Cell skeleton: Under electron microscope, it was found that
the distribution and activity of cellular microtubules and microfilaments
have undergone great changes. These changes in turn result in changes
of cellular morphology, the relationship between the adjacent cells
as well as the adherence and mobility. Due to the decrease of the
adherence between tumor cells and cell-cell matrix, the decrease
of adherence makes cells capable of moving, migration and spreading.
This is one of the reasons of tumor shedding, infiltration and metastasis.
Other changes: Other cellular organelles such as mitochondria,
endoplasmic reticulum and Golgi apparatus etc are usually not rich,
irregular, strange-shaped and irregularly distributed. In addition,
tumors can also generate some enzymes, which can digest the adjacent
barrier nearby and therefore make them capable to invade tissues
nearby.
5. Metabolic characteristics of tumor cells: Because tumor
cells grow very rapid, their metabolism is also very active too.
Although tumor cells are similar to normal cells in nature, there
is prominent difference in terms of quantity. For example, tumor
cells mainly use glycolysis to obtain energy, which is mainly caused
by functional deficiency in mitochondria. In addition, as described
before, the synthesis of DNA and RNA also increase in tumor cells.
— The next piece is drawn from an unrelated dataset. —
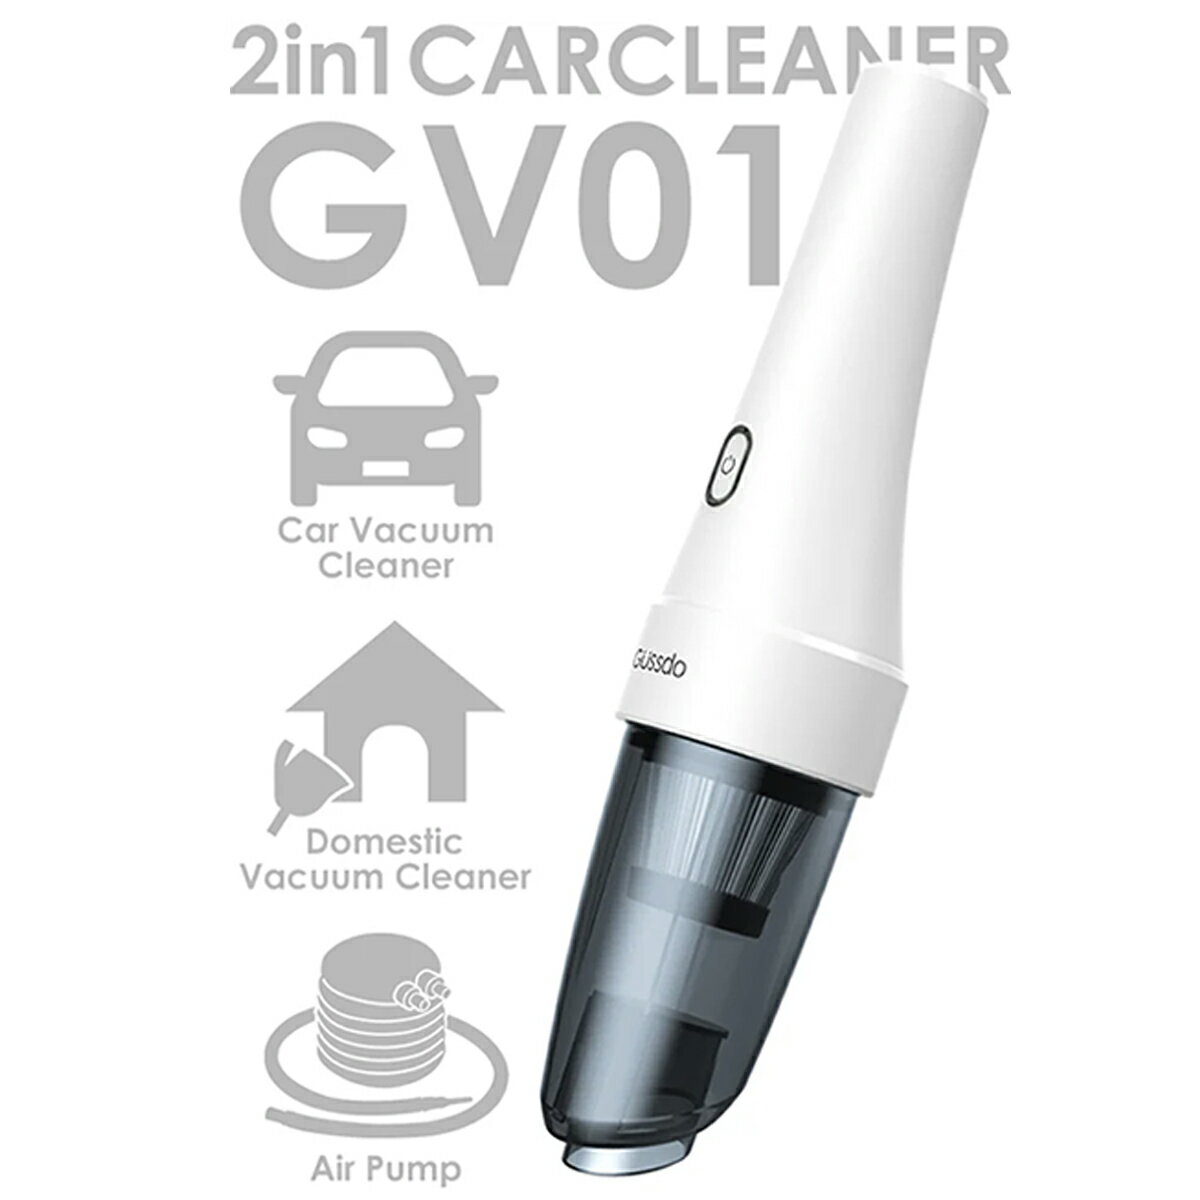 2in1カークリーナーGV01 大容量バッテリー 長時間連続稼働 ハイパワー強力吸引 洗えるフィルター ポータブル充電式 電動エアポンプ機能 超軽量 630g コンパクト お手入れ簡単 掃除機 空気入れ 8500pa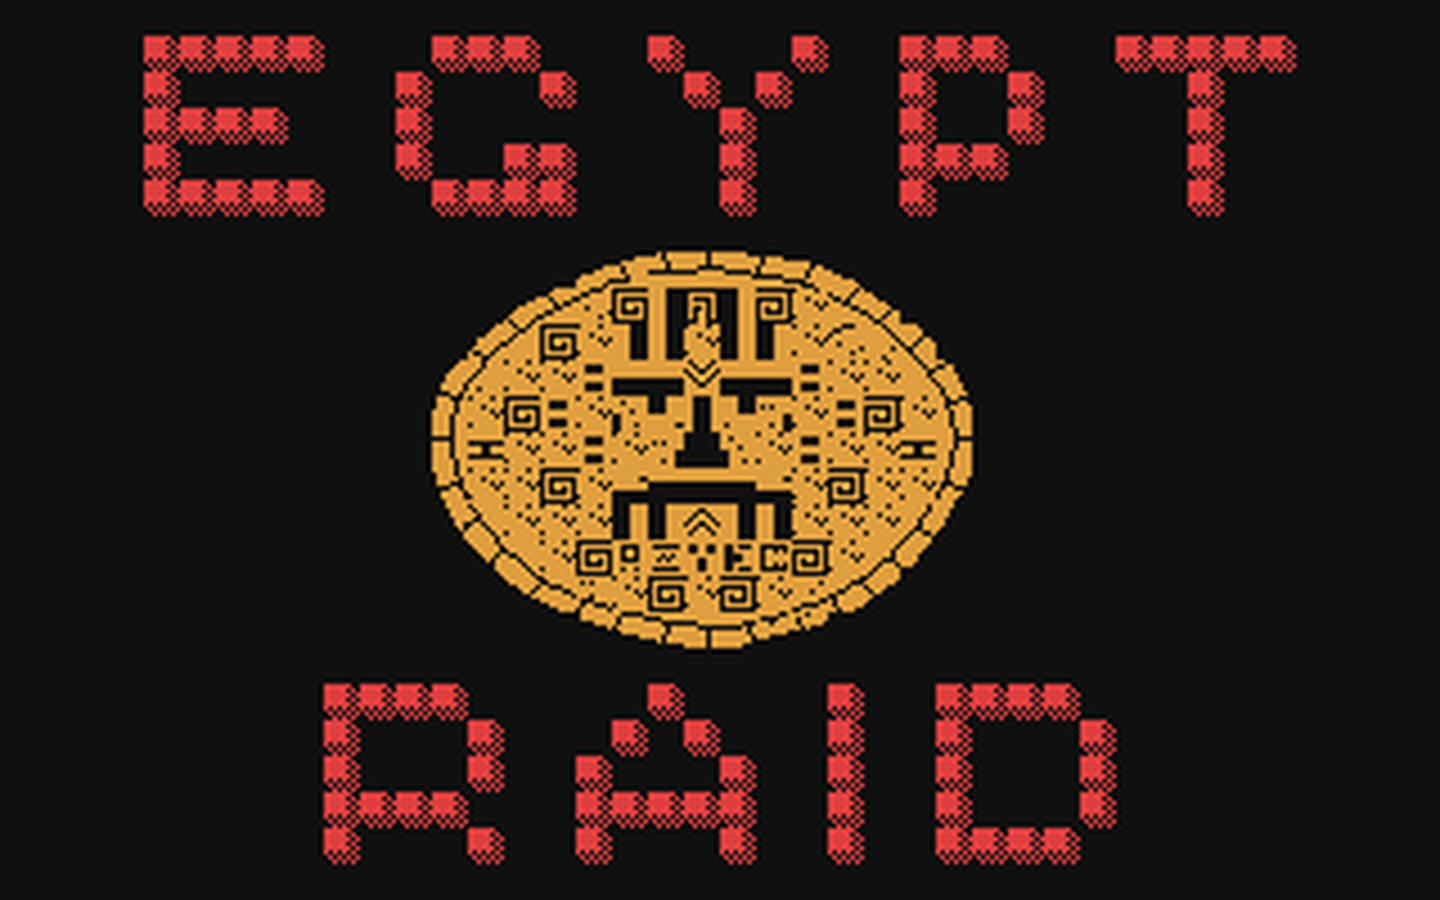 C64 GameBase Egypt_Raid Edisoft_S.r.l./Next_Game 1984

The increase of these inherited materials is related to the division
of tumor cells and proliferation. The changes of the enzymes in
tumor cells are also very complicated. Some of them are increases
and some of them decreased. For example, oxidases (cytochrome oxidase
and succinic dehydrogenase) decrease, but the acid phosphatase increase
dramatically in prostate cancer. In addition, protein metabolism
is also increased in order to meet the need of cell growth.
6. Tumor markers: Tumor markers are the synthesized products
of tumor cells or generated by human body in responsive to tumors.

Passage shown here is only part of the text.